Trent Dykes at The Venture Alley provides the details of the House bill. I was particularly interested to see what sort of protections an investor had against fraud.
Not that it isn’t enough motivation to defraud, but you can only raise $1 million annually using the exemption provided by the bill ($2 million if you provide audited financial statements.) In addition to providing warnings of risks to potential investors and sending a collection of information and reporting to the S.E.C., one protection people will have is that the money will be held in escrow by a third party until 60% of the target amount has been raised. Presumably, if the amount has not be raised by the target deadline, additional arrangements must be made to retain it. There are also provisions that ensure the people handling the offering and cash management are qualified to some degree. People with a history as a “bad actor” as determined by the S.E.C. will be prohibited from offering investment opportunities.

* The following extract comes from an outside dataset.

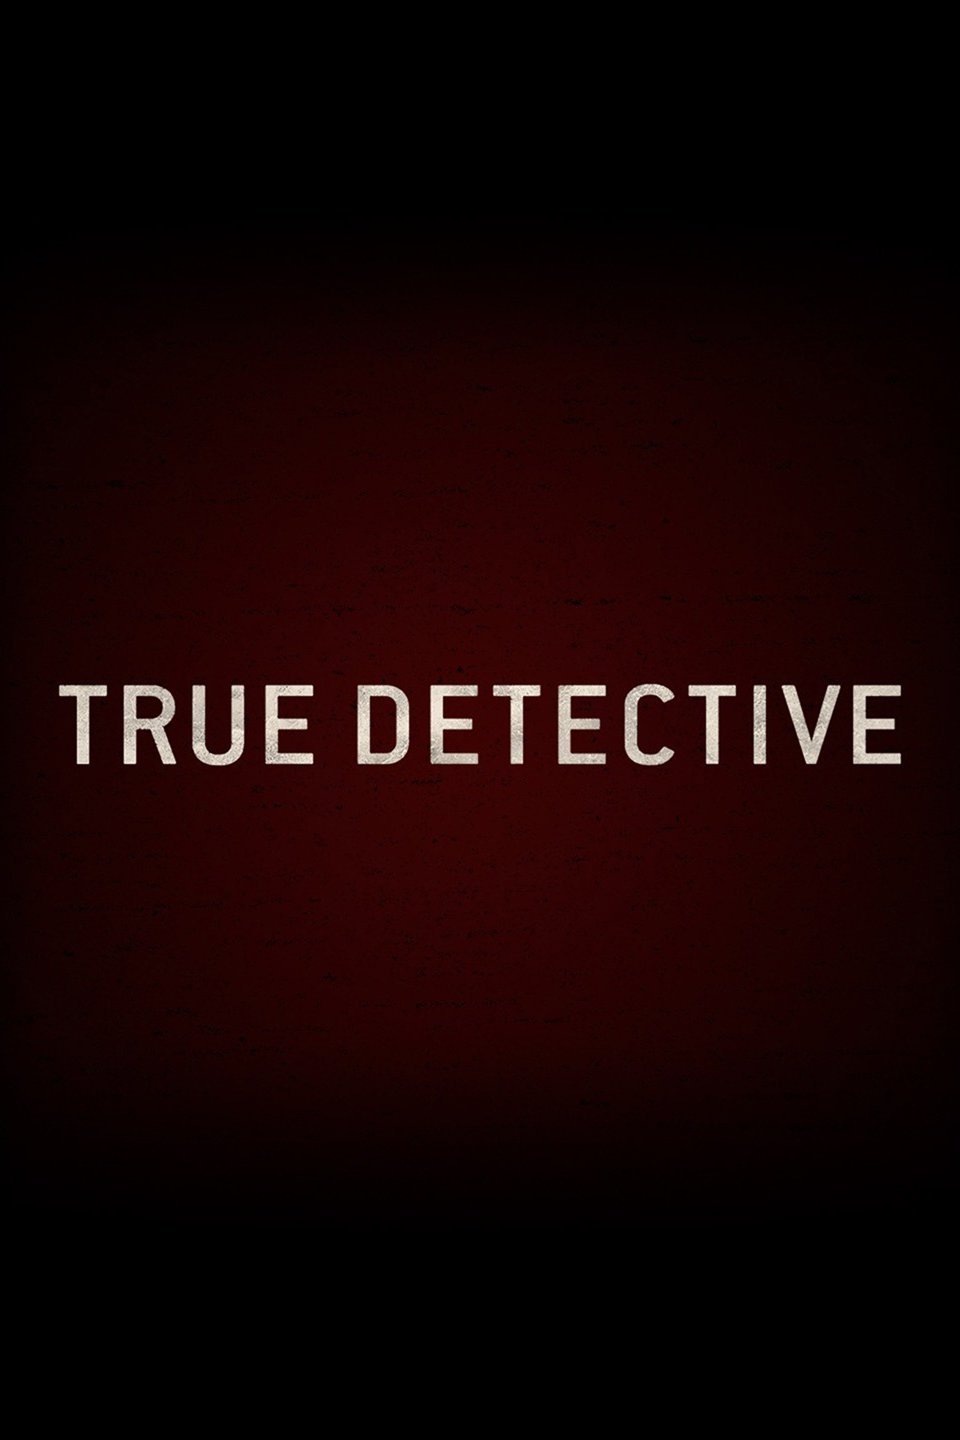 true detective season 1 rating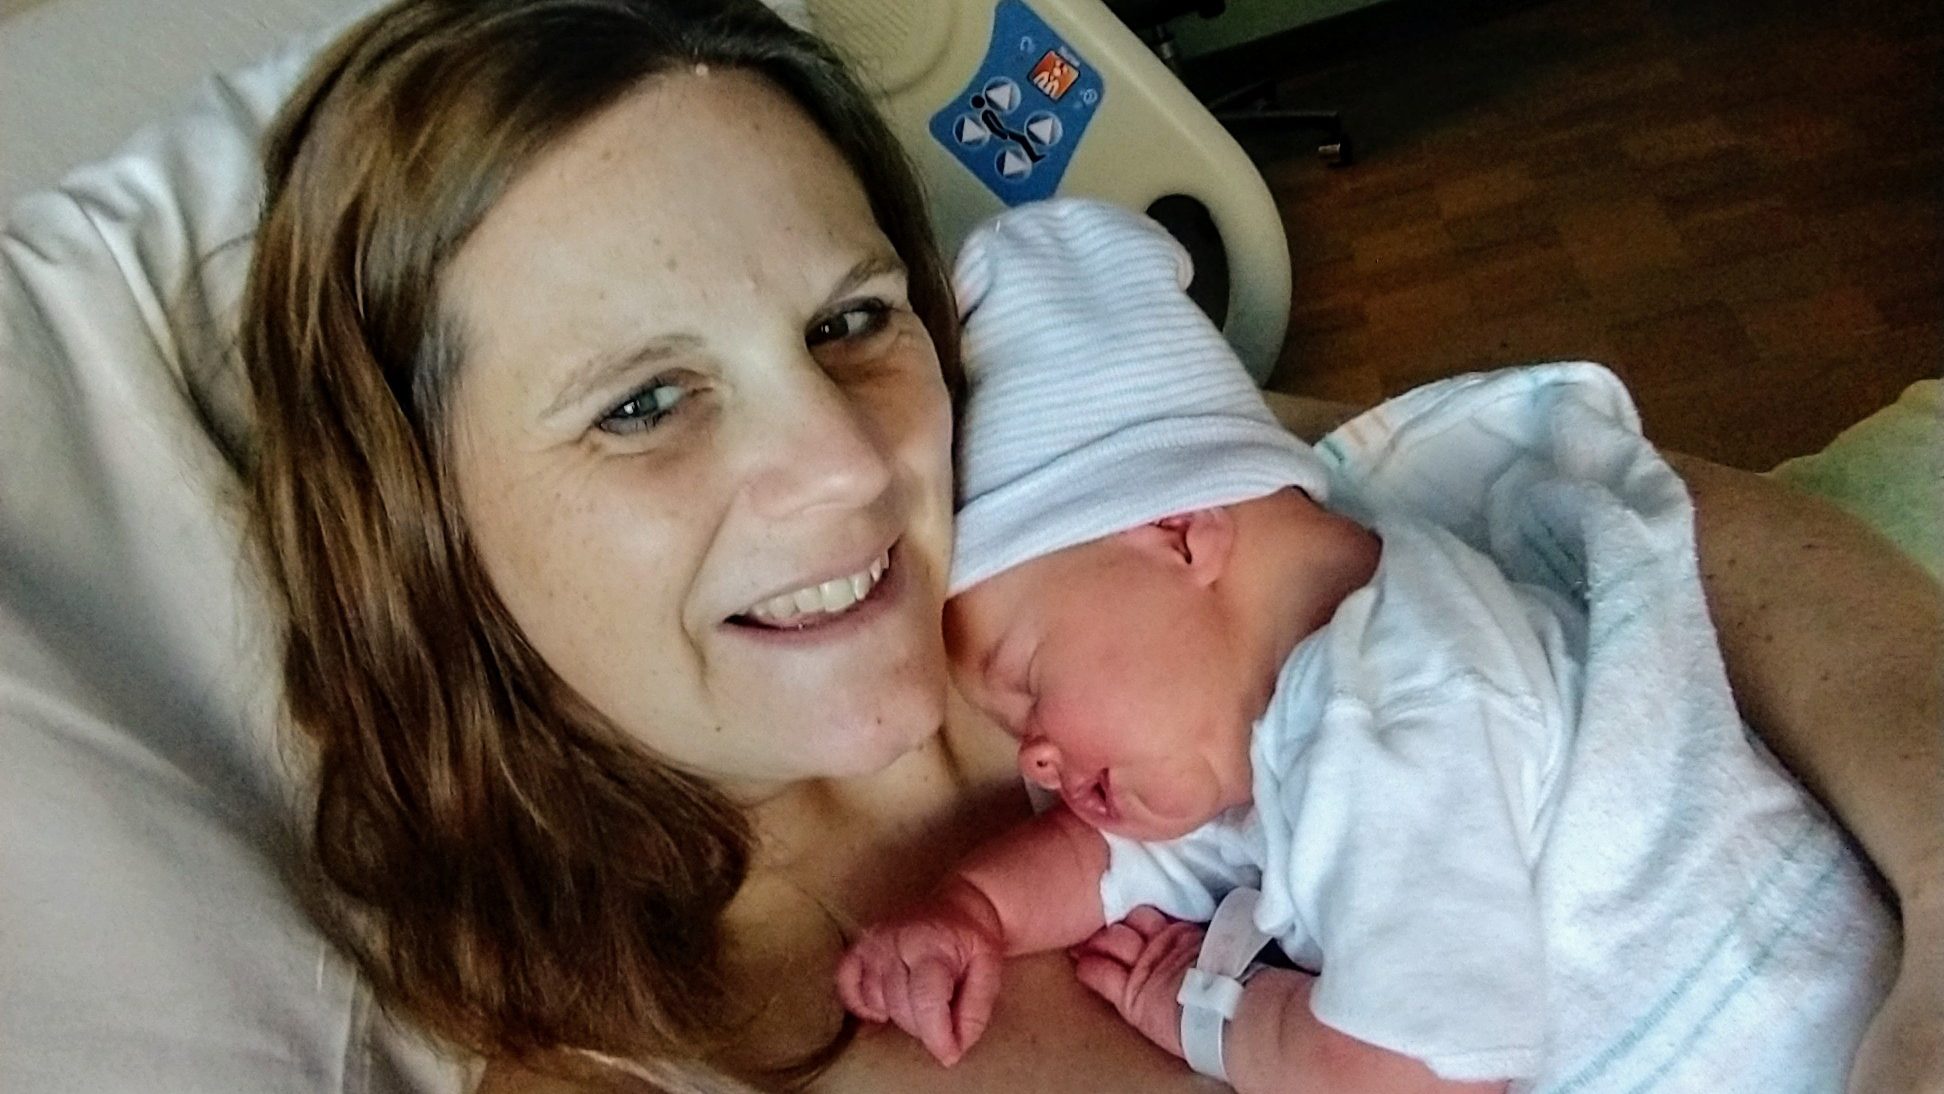 Lymphoma survivor Krista Lusby holding her newborn daughter Morgan in the hospital

As I am not an expert in investing law, I don’t know how vulnerable these arrangements are to fraud. Presumably, moreso then your typical investment opportunity. Individuals will just have less of their personal fortunes exposed to the fraud.
For some people in the arts, this might offer a viable alternative to the non-profit model. I imagine the return on investment might manifest as a hybrid of traditional donor benefits and cash. Providing preferential treatment to encourage people to remain emotionally invested in the organization in addition to paying out cash dividends will probably help keep them financially invested in the company.
Hopefully the limitation on the investing level will insulate arts companies from demands to operate themselves to maximize investor return. Even if the cap is set at $10,000, people aren’t going to be getting immense returns enriching their bank accounts (at least not for a few years). Who knows, perhaps a company will realize so much success thanks to this, they will grow to the point the will be subject to regular S.E.C. investment rules.
Now that this form of investment looks to pass the hurdle of legislation, how long before the arts community will pass the mental hurdle of considering anyone who uses it to finance their operations as selling out their purity and ideals?